Comparison with experimental data¶

In order to assess if our kinetic framework for the moments works we will compare experimentally determined moments to our theoretical predictions.

For this we need to read the microscopy data gathered so far.

# Read the tidy-data frame
files = glob.glob('../../data/csv_microscopy/*IPTG*csv')# + mwc_files
df_micro = pd.concat(pd.read_csv(f, comment='#') for f in files if 
                     'Oid' not in f)

##  Remove data sets that are ignored because of problems with the data quality
##  NOTE: These data sets are kept in the repository for transparency, but they
##  failed at one of our quality criteria
##  (see README.txt file in microscopy folder)
ignore_files = [x for x in os.listdir('../image_analysis/ignore_datasets/')
                if 'microscopy' in x]
# Extract data from these files
ignore_dates = [int(x.split('_')[0]) for x in ignore_files]

# Remove these dates
df_micro = df_micro[~df_micro['date'].isin(ignore_dates)]
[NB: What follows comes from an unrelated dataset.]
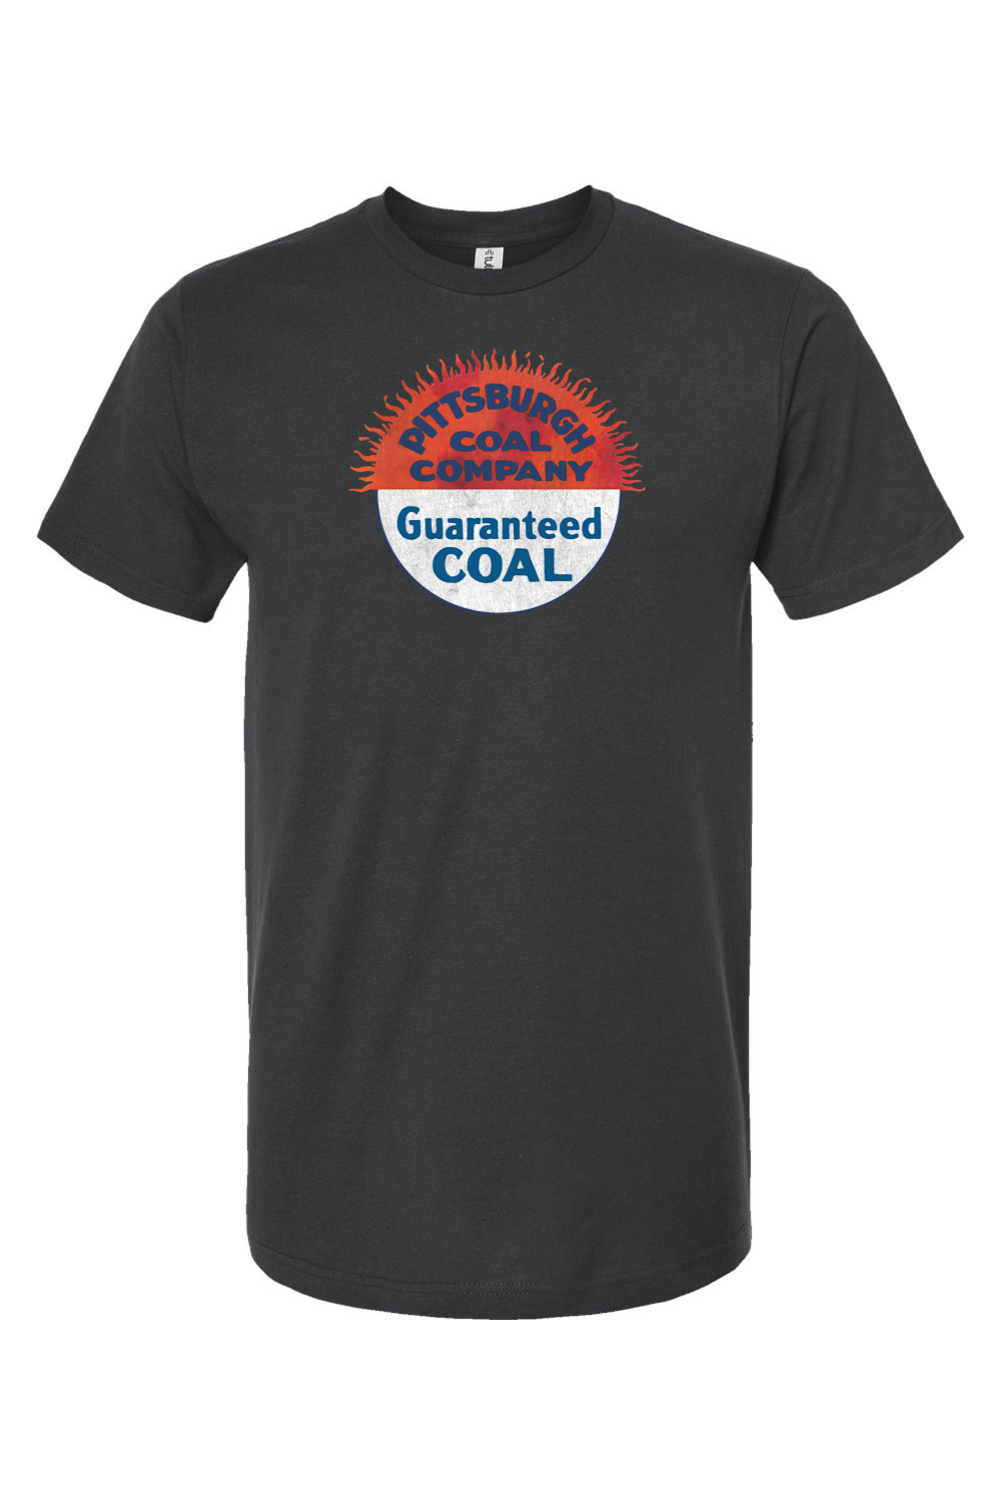 Pittsburgh Coal Company - Yinzylvania

df_micro[['date', 'operator', 'rbs', 'mean_intensity', 'intensity']].head()

/Users/razo/anaconda3/lib/python3.6/site-packages/ipykernel_launcher.py:3: FutureWarning: Sorting because non-concatenation axis is not aligned. A future version
of pandas will change to not sort by default.

To accept the future behavior, pass 'sort=False'.

To retain the current behavior and silence the warning, pass 'sort=True'.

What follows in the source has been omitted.